Чтобы лучше понять, почему христианство, будучи изначально вероисповеданием крошечной еврейской секты, так быстро утвердилось на бескрайних просторах великой Римской империи, нам всего лишь нужно припомнить, с чего начинается всякое новое народоустроение. И как мы помним, все всегда начинается с заключения договора между Богом и человеком. При этом основным пунктом любого такого договора всегда является проблема бессмертия.

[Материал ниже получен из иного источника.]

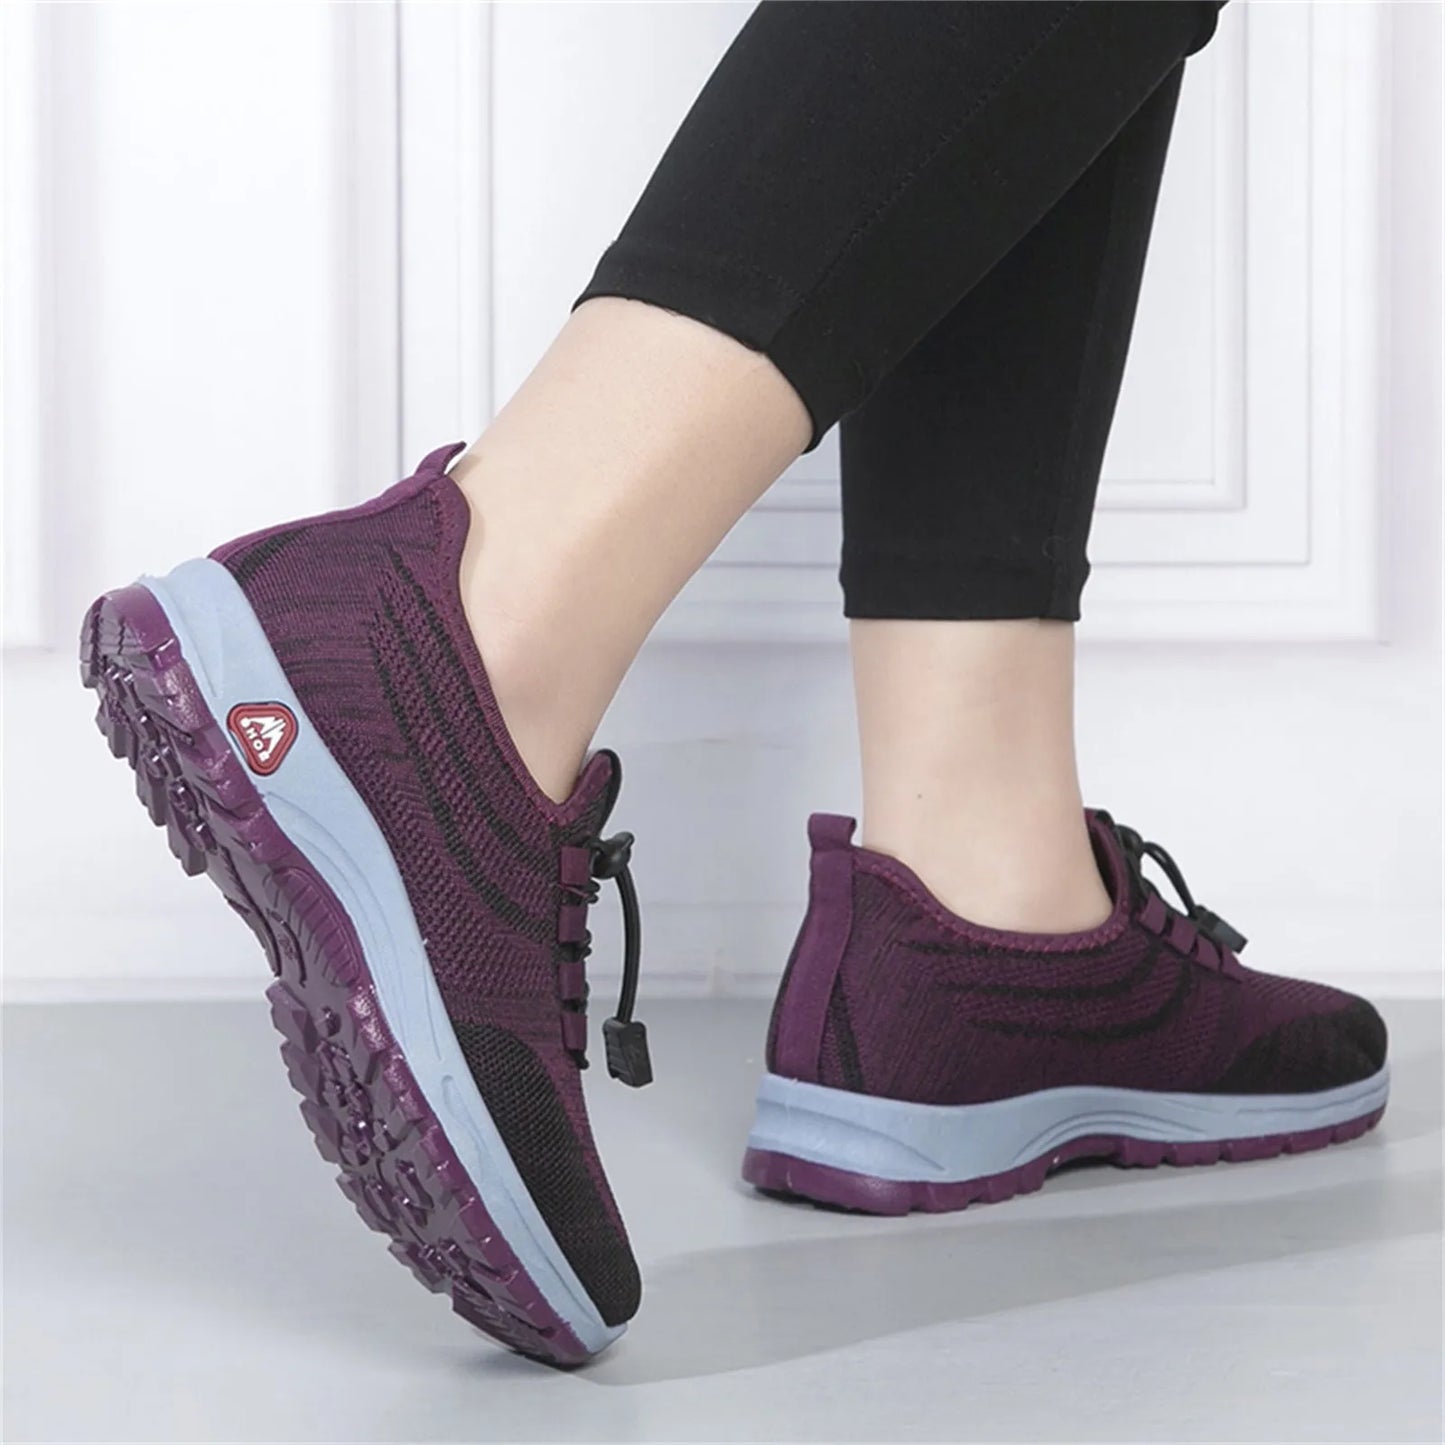 Tennis Shoes For Women Flat Bottom Non Slip Fly Woven Mesh Breathable/Casual Sneakers Woman Platform Sneakers

И в этом смысле античный человек первых веков новой эры был существом крайне несчастным. Мало того, что у него не было никакого завета с многочисленными божествами тогдашнего Олимпа, так еще и Pax Romana (римский мир), искренняя вера в который во многом заменяла гражданину веру в верховное божество, трещал по всем швам, под непрерывными ударами варварских племен. Именно в это нелегкое время на историческую сцену вышло со своим уникальным революционным предложением молодое и напористое христианство. Оно предложило античному миру две новые, простые, но крайне заманчивые идеи. Взамен множества взбалмошных, жестоких и эгоистичных олимпийских божеств оно предложило идею единого всеблагого и вселюбивого Бога-Отца, а взамен унылого посмертия в мрачном Аиде христианство выдвинуло идею райского блаженства и бессмертия души.

Пролистаем несколько веков, на протяжении которых христианская церковь крепла и обзаводилась все большим числом «подписчиков». Вот она стала государственной религией Римской империи. Вот империя раскололась надвое. Вот западная ее часть утонула в крови под натиском варварских орд. И вот наконец мы в Константинополе, затаив дыхание, разглядываем удивительные мозаики собора Святой Софии.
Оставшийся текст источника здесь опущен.